S1.A.2 implementation plan (informed by this audit)¶
-
Add a small inline helper in
Walks viaiosmux_md_proxy.m:xpc_dictionary_apply, buildsNSMutableDictionary. -
Rewrite
fetch_device_propertiesiniosmux_md_proxy.m: - No HTTP fetch
- Call
iosmux_rsd_get_handshake_properties()(already declared extern iniosmux_inject.m:25area; need similar extern in md_proxy) - If NULL, return nil with a warning log (means the call came too early — should never happen with lazy fetch)
-
If non-NULL, convert to NSDictionary, add
@"LocationID": @0, cache, return -
Delete
prefetch_device_propertiesand its call site ininstall_proxy_on_connection. Add a comment at the call site explaining why prefetch was removed (init order, lazy fetch is safe). -
Remove
g_relay_apiconstant (unused after step 2). -
In
iosmux_xpc_proxy.m, replace the body ofiosmux_build_device_propertieswith the same in-memory dict approach, OR#if 0it and leave a comment that the fallback path is dead. Decision: convert it for symmetry. Keeps the fallback functional and removes the HTTP dependency from the inject entirely. -
Build, deploy, test against S1.A.4 exit criteria.

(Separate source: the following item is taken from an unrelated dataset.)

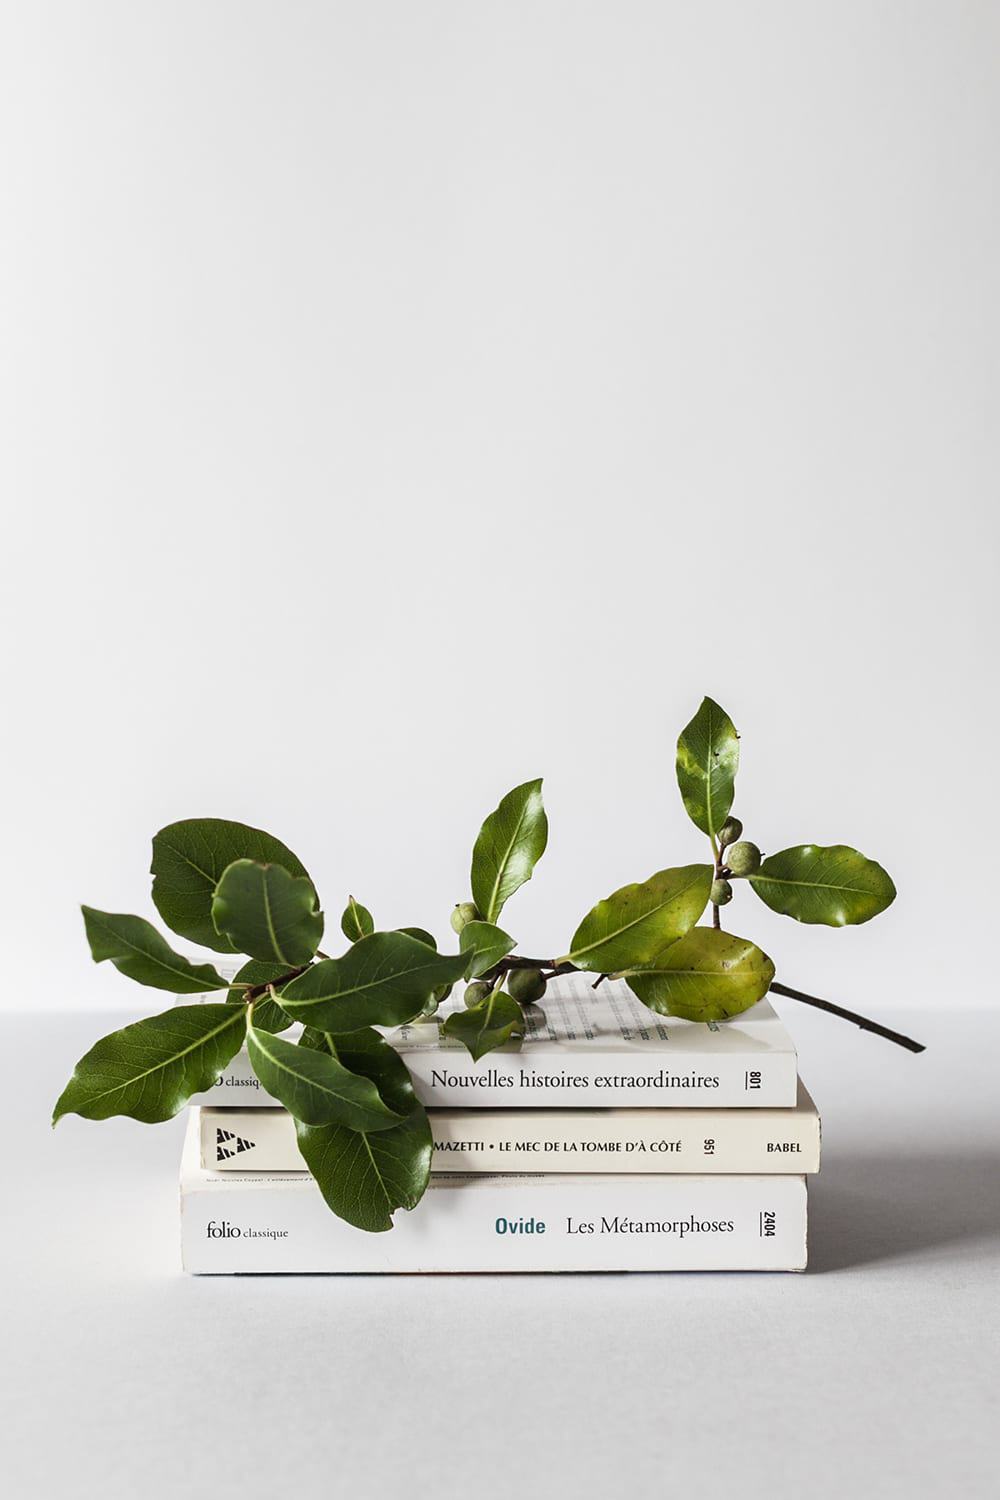 3 books on a white desk with a branch and leaves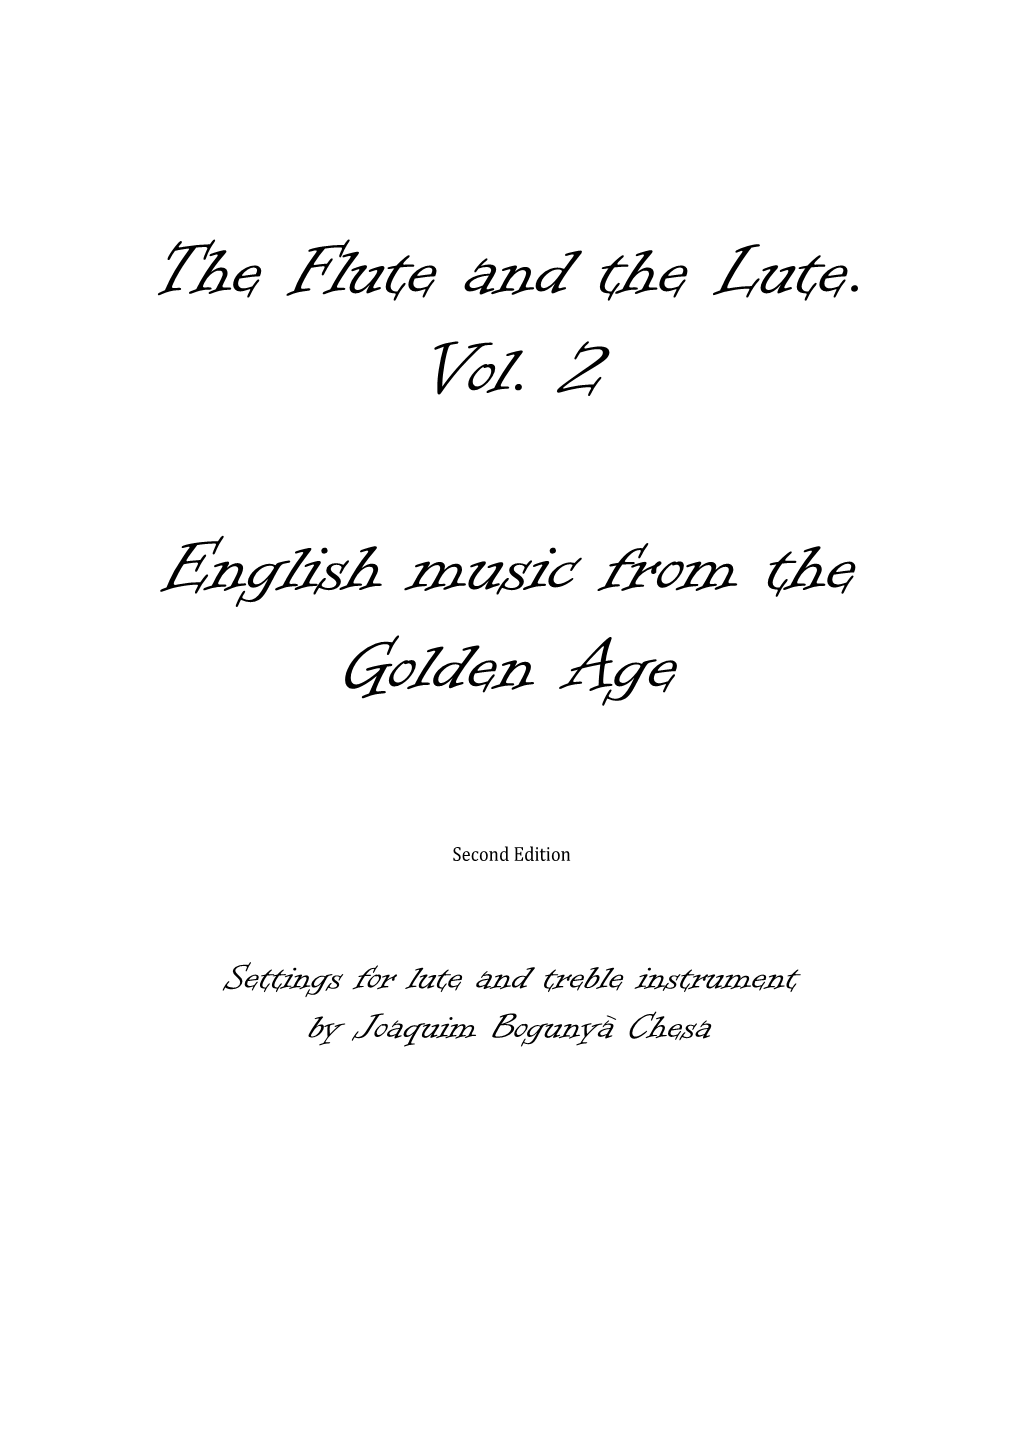 English Music from the Golden Age

What we explicitly do NOT change in S1.A¶
- The Go relay binary stays. Its per-service TCP relay role is
separate from
/device-infoand we are not touching that. - The order of
iosmux_install_md_proxyandiosmux_rsd_initiniosmux_register_devicestays as-is. Lazy fetch removes the ordering dependency. - The MD proxy swizzling itself stays as-is (only the body of
fetch_device_propertieschanges). - DeviceInfo construction (the separate Swift object built later in
iosmux_inject.m) is untouched — that's a different consumer.
Risk¶
The only meaningful risk is that MobileDevice rejects our dict for a reason unrelated to keys (e.g. value type mismatch — strings vs numbers, signed vs unsigned). The conversion helper handles all observed types from the reference handshake. If there's a stray unsupported type at runtime we'll log it and fall through.